YOUNGSTOWN, Ohio – America Makes has signed a new seven-year, $322 million cooperative agreement with the Air Force Research Laboratory.

The cost-sharing and reimbursement agreement will support the Office of the Secretary of Defense’s Manufacturing Technology program. America Makes will directly support modernization priorities including hypersonics, cyber and artificial intelligence.

“We have worked tirelessly together with the America Makes membership community during the last seven years and two previous cooperative agreements with AFRL to execute our mission of advancing the adoption of additive manufacturing,” said America Makes Executive Director John Wilczynski in a statement. “We have moved well beyond our initial pilot start-up phase and a project phase driven by consortium developed roadmaps to become the recognized voice of our industry.”

The agreement was finalized Nov. 26 and announced Monday at the annual Defense Manufacturing Conference in Phoenix, Ariz. 

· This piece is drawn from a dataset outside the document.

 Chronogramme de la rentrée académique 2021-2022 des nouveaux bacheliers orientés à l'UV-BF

“The new [cooperative agreement] certainly signifies a high level of confidence by AFRL in America Makes, our collaborations, and the additive R&D projects whose outcomes are beginning to make real industry impact, especially for the defense industry and its supply chain,” said Wilczynski. “Much of this success is directly related to what I believe is our biggest accomplishment to date and that’s overcoming the direct business competitiveness among our membership community. The intellectual property policy that we established as part of the membership agreement into the Institute to share IP has been vital to what our membership community has been able to accomplish together.”

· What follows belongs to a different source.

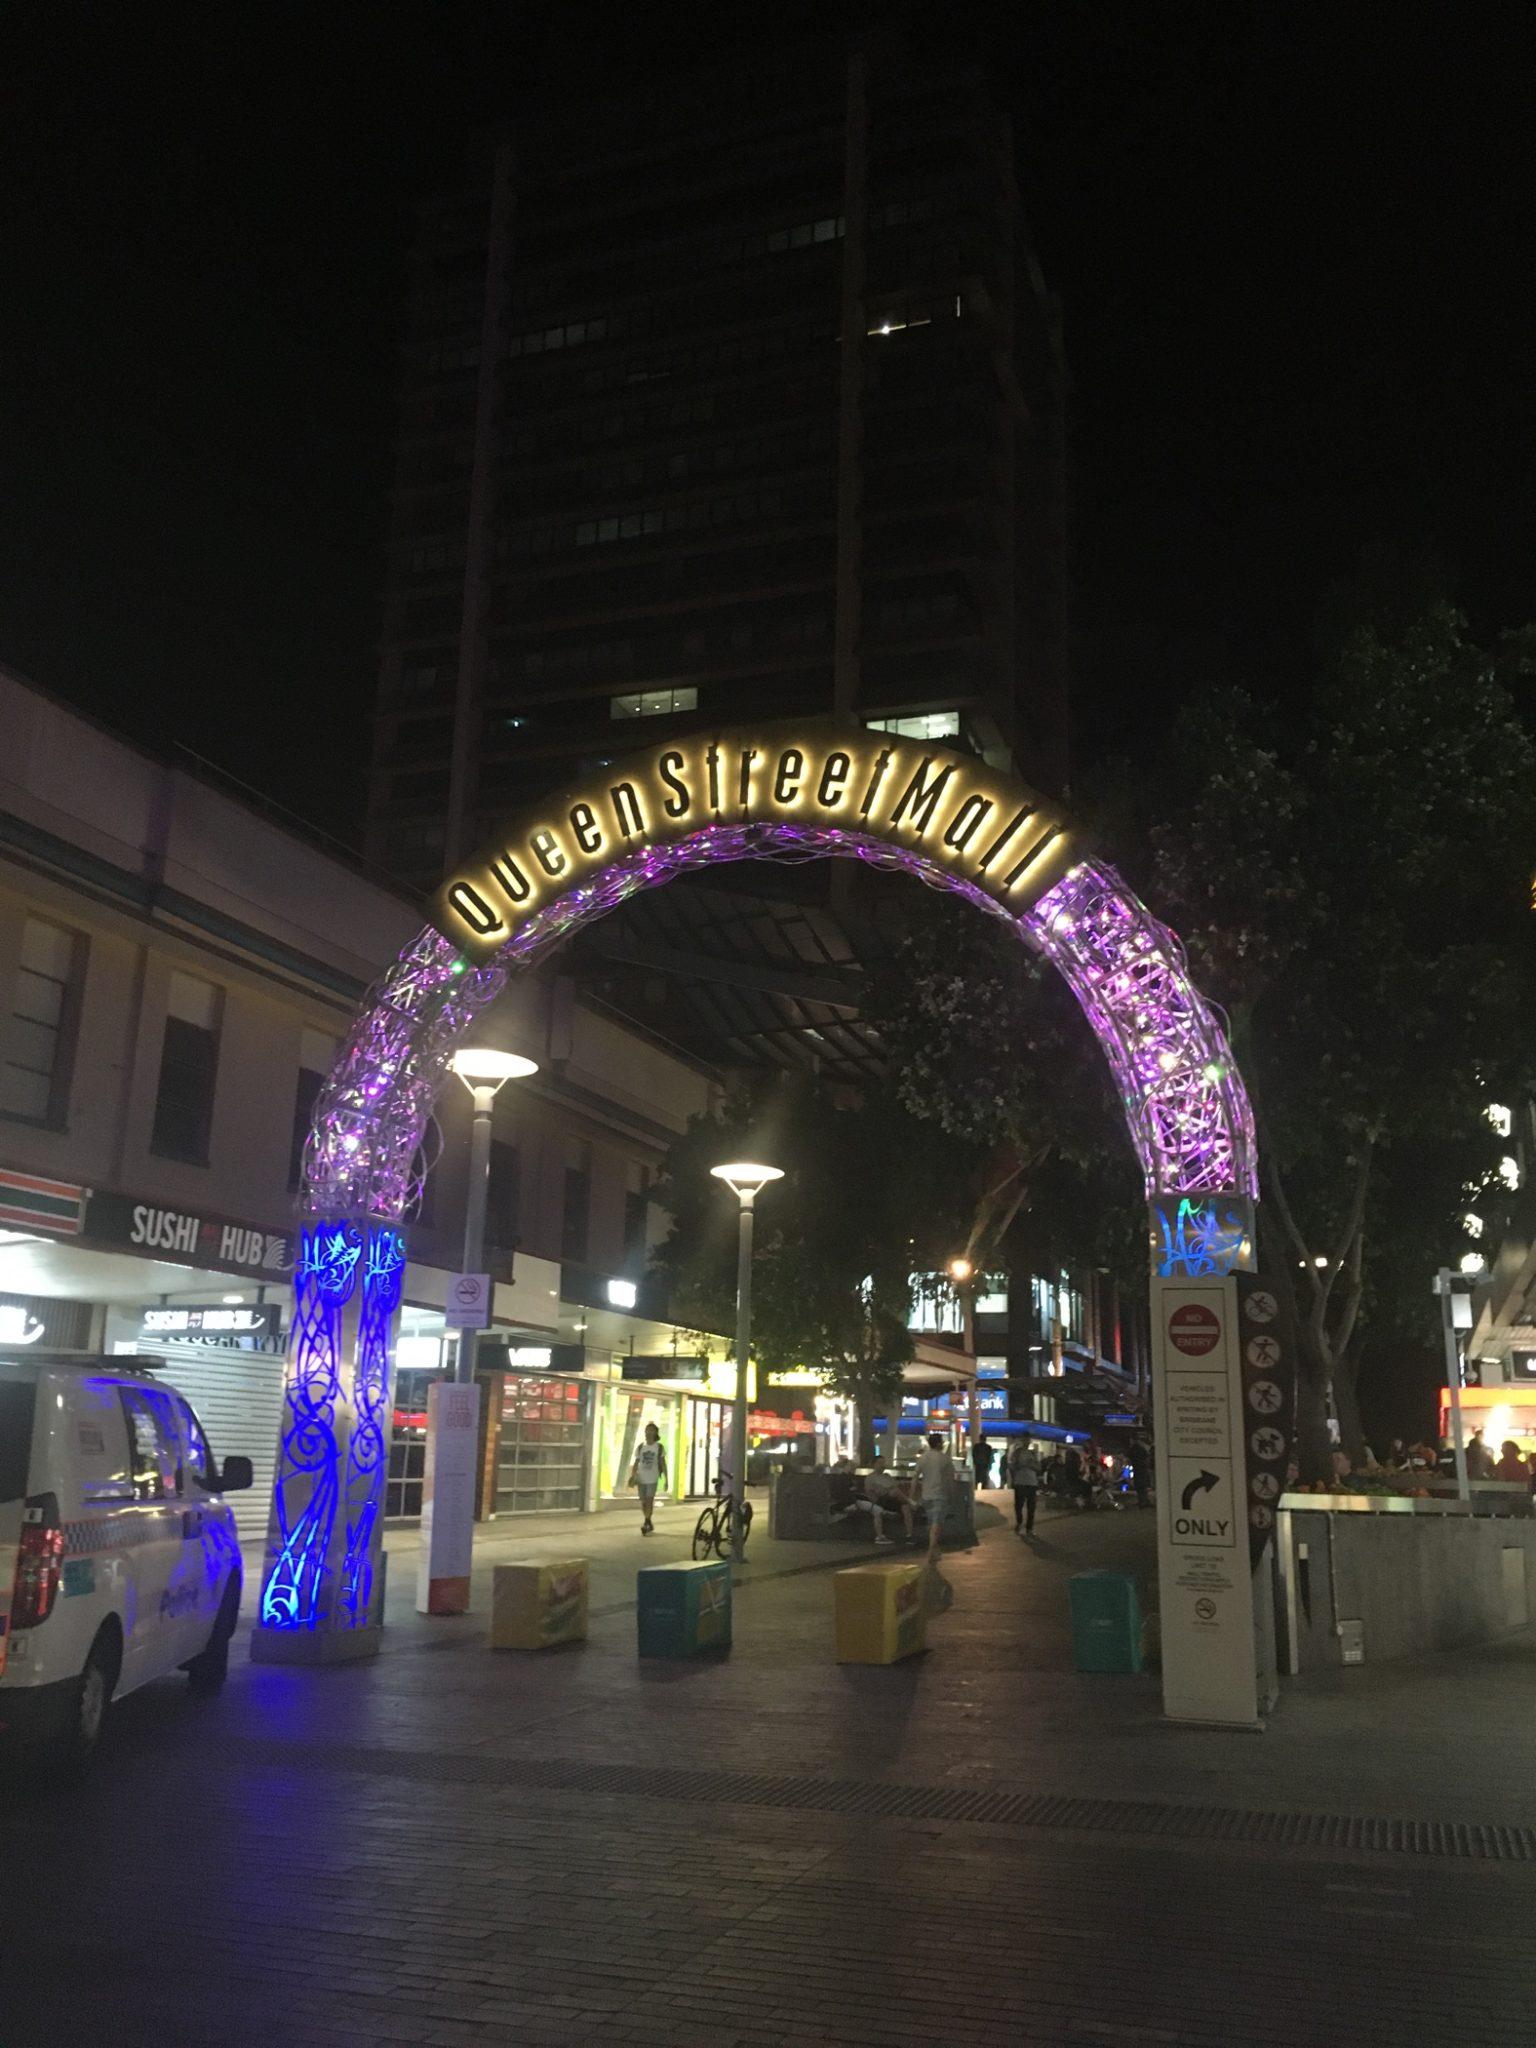 Queen Street Mall 2019

Under the terms of the new agreement, America Makes will continue its public-private model. Roadmaps for the organization have pinpointed the materials, design, education, additive manufacturing community and ecosystem spaces as important focus areas, as well as expansion of the America Makes satellite system.

“Working with our membership community, we’ve spent an inordinate amount of time dedicated to road-mapping the technology and workforce needs of the industry,” Wilczynski said. “As a result, we are acutely aware of what steps in what focus areas we need to take in order to best address and resolve these needs. This focused coordination with our membership has been instrumental in the catalyzing results that we are seeing from our R&D projects and education initiatives that are now beginning to significantly impact industry.”

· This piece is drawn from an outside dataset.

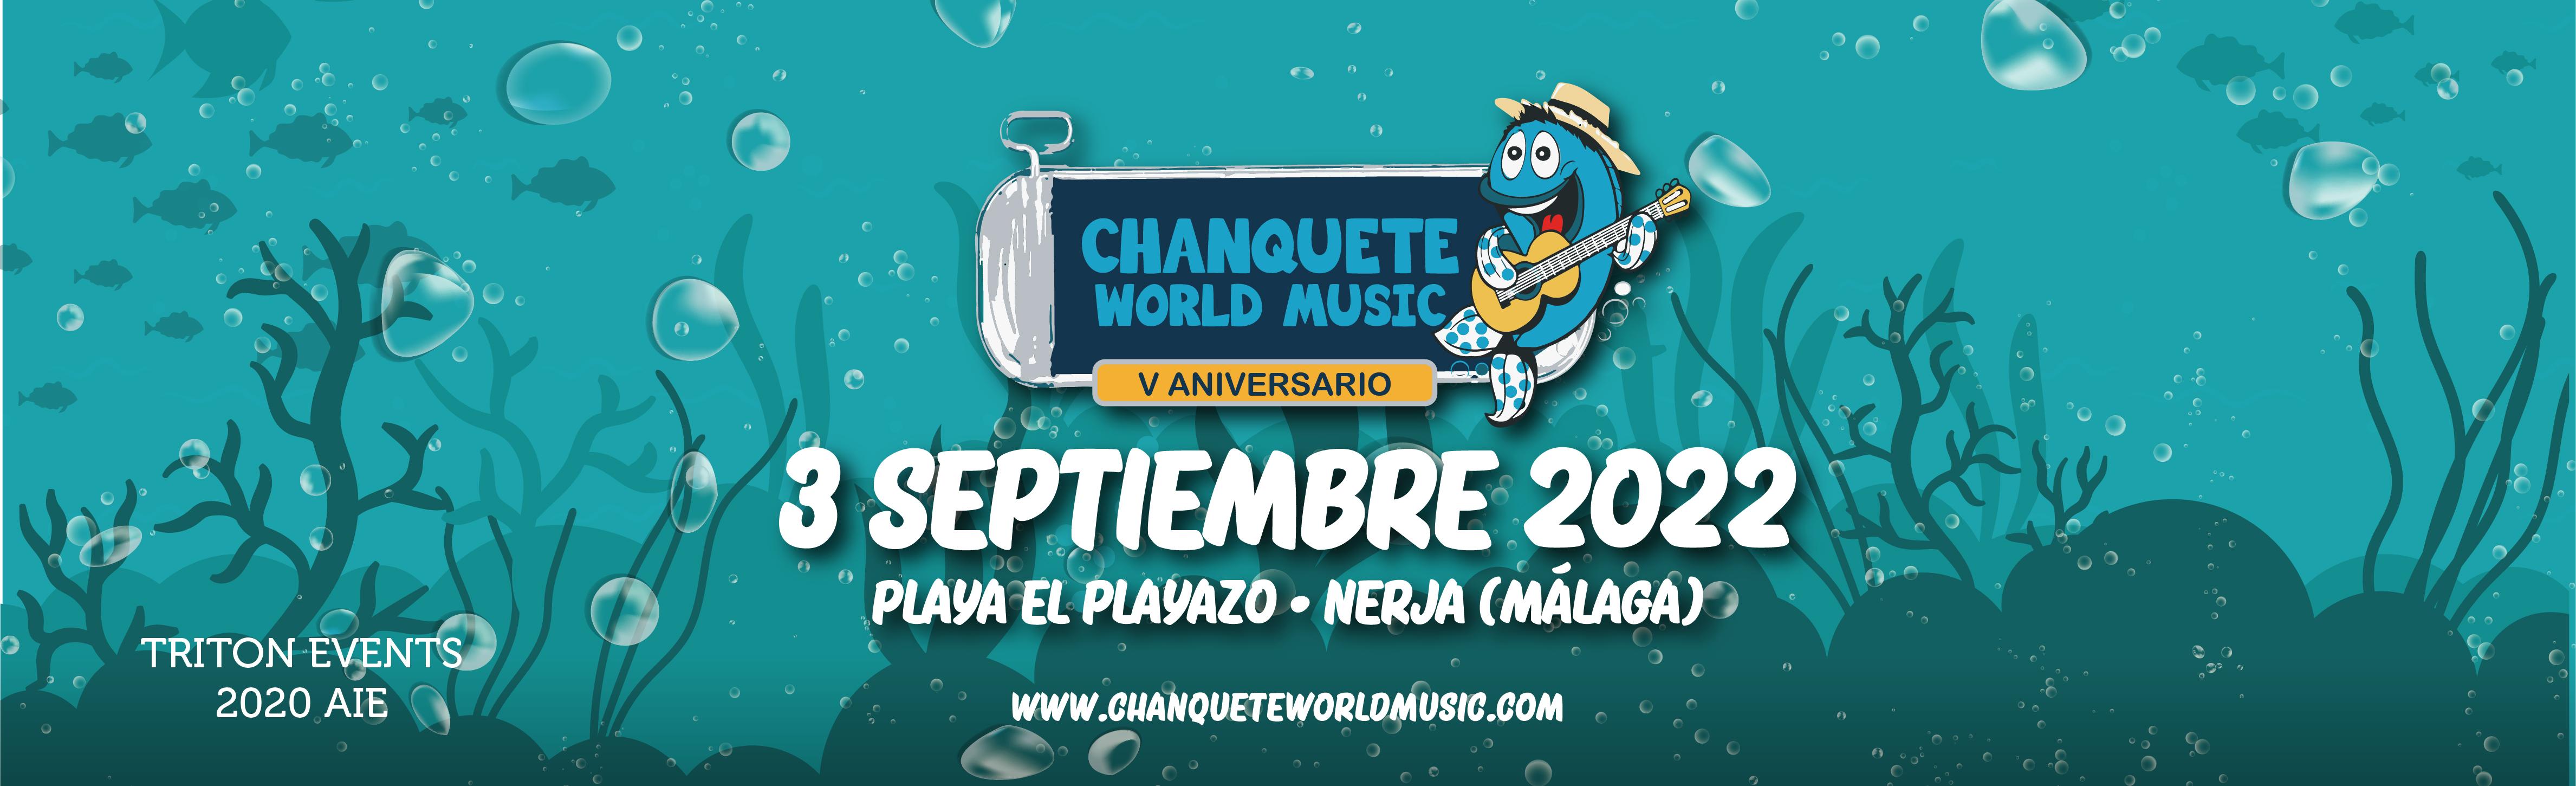 chanquete-world-music-2020-61262bd1d78026.91354668.jpeg

Founded in 2012 and based in downtown Youngstown, America Makes was the first of eight Manufacturing Innovation sites established and managed by the Department of Defense.

America Makes manages a portfolio of more than $215 million in public and private funds to advance additive manufacturing. With the new cooperative agreement, that figure will surpass $500 million within the next seven years, said Dean Bartles, president and CEO of the National Center for Defense Manufacturing and Machining.

“Our journey has been tremendously successful. We’ve achieved much success working with the America Makes membership community to innovate and accelerate additive technologies to increase our nation’s global manufacturing competitiveness,” he said. “We paved the way for subsequent Institutes to follow within the Manufacturing Innovation Institute network as an effective and sustainable example of the public-private partnership model. The award of our third cooperative agreement with AFRL is an undeniable testament to what we’ve accomplished and the promise of what we have yet to attain.”